Previous studies in this model of thrombolysis have shown a marked increase in TXA₂ formation coincident with coronary reperfusion (Fitzgerald et al., 1983). The increase in TXA₂ biosynthesis persists unabated for at least 4 hr after reperfusion, long after the discontinuation of t-PA. In this study, the specific thrombin inhibitor Ro 46-6240 suppressed urinary 2,3-dinor-TXB₂ in a dose-dependent manner, and little increase in the thromboxane metabolite was detected at the highest doses. The suppression of 2,3-dinor-TXB₂ coincided with an acceleration of reperfusion and inhibition of reocclusion, which have been shown previously to be platelet-dependent events (Fitzgerald et al., 1989; Fitgerald and FitzGerald, 1989). Thus Ro 46-6240 markedly suppressed functional and biochemical evidence of platelet activation in vivo.

Similar effects were seen when a subthreshold dose of Ro 46-6240 was administered in combination with Ro 44-9883. Ro 44-9883 is a potent peptidomimetic antagonist of the platelet GP IIb/IIIa (Carteaux et al., 1993). At high dose, Ro 44-9883 abolishes coronary reocclusion (Murphy, Pratico and Fitzgerald, unpublished observations), as has been reported with other antagonists of the platelet GP IIb/IIIa. At the dose used, Ro 44-9883 inhibited platelet aggregation in response to ADP ex vivo. Alone, it had no discernible effect on the response to t-PA or on biochemical evidence of platelet activation in vivo. However, when Ro 44-9883 was combined with a subthreshold dose of the thrombin inhibitor, reocclusion was prevented. Similar findings have been reported with a structurally distinct GP IIb/IIIa antagonist, integrelin, combined with the thrombin inhibitor hirudin (Nicolini et al., 1994). Moreover, the combination of Ro 44-9883 and Ro 46-6240 abolished the increase in urinary 2,3-dinor-TXB₂. It is worth emphasizing that this synergistic interaction did not result from an alteration in the plasma concentration of either drug.

These data suggest that one of the consequences of thrombin generation during coronary thrombolysis is activation of the platelet GP IIb/IIIa.

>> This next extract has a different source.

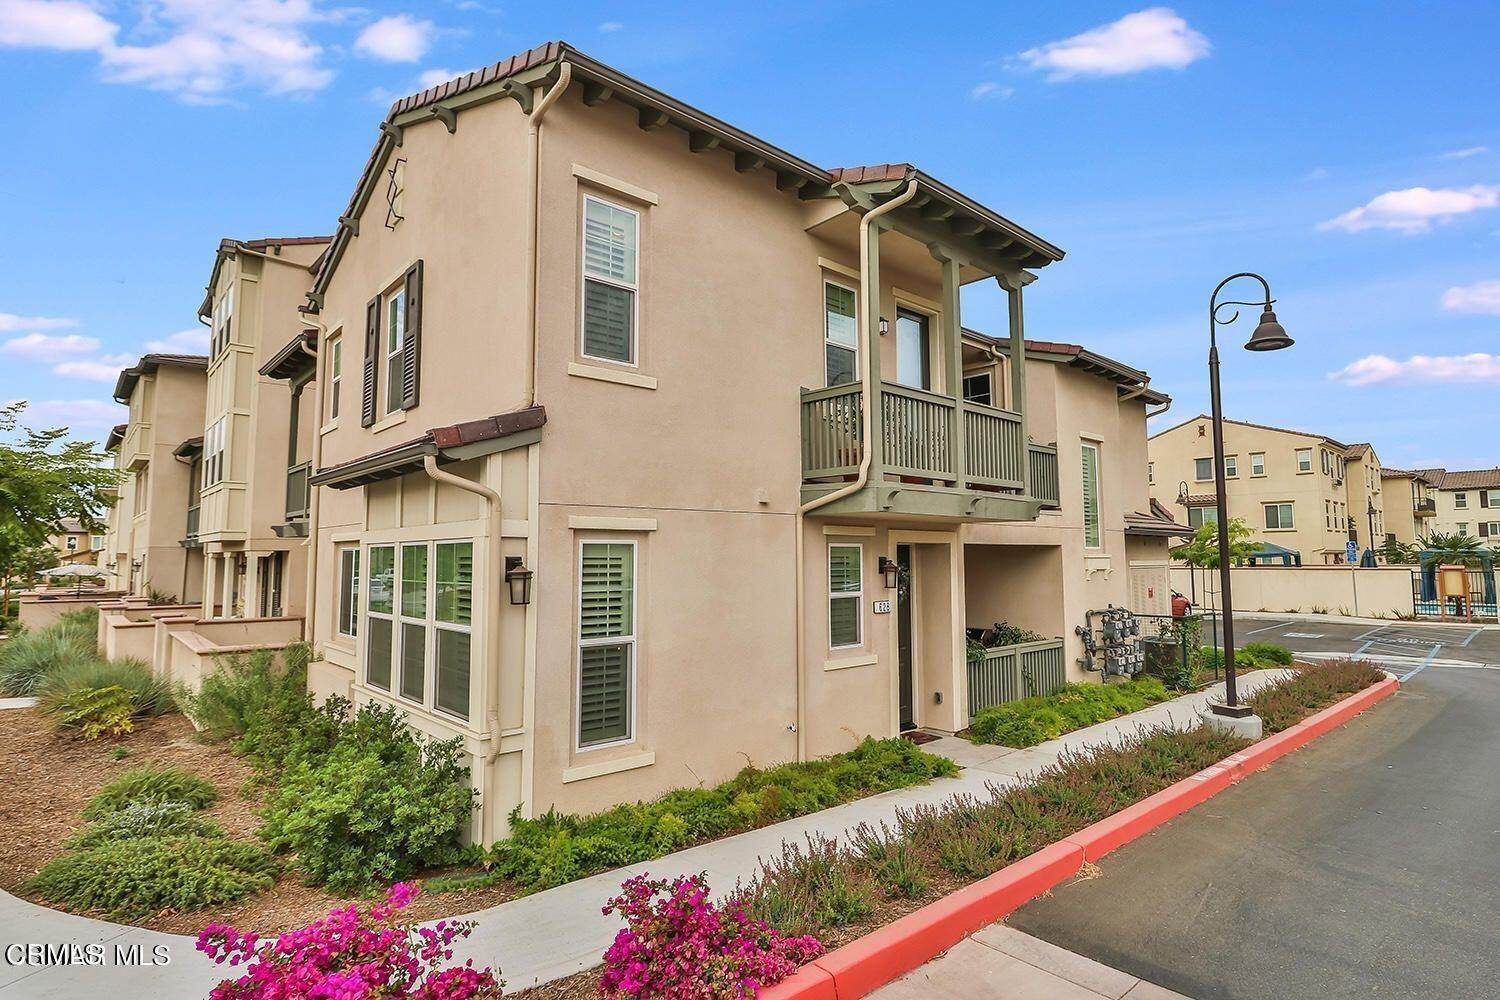 3. Condominiums at 628 Pioneer Street Camarillo, California 93010 United States

The findings of this study also suggest that the increase in TXA₂ formation in this model is due largely to platelet aggregation. TXA₂ is formed upon platelet activation by agonists through G protein-linked activation of phospholipases (Brass et al., 1993). However, the largest component of TXA₂ formation upon platelet stimulation occurs coincident with platelet aggregation (Shattil et al., 1994). This reflects occupancy of the platelet GP IIb/IIIa by fibrinogen, which triggers "inside-out" transmembrane signaling and further TXA₂-dependent cell activation.

In conclusion, thrombin is the primary agonist mediating reocclusion in a model of coronary thrombolysis. Thrombin induces platelet activation and aggregation, which in turn result in a marked increase in TXA₂ formation. The increase in TXA₂ biosynthesis largely reflects platelet aggregation (indeed, this may be a useful marker of aggregation in vivo). Coadministration of a platelet GP IIb/IIIa antagonist and a thrombin inhibitor reduces the dose required of either drug alone, and the combination may prove useful in enhancing the response to thrombolytic therapy of acute myocardial infarction.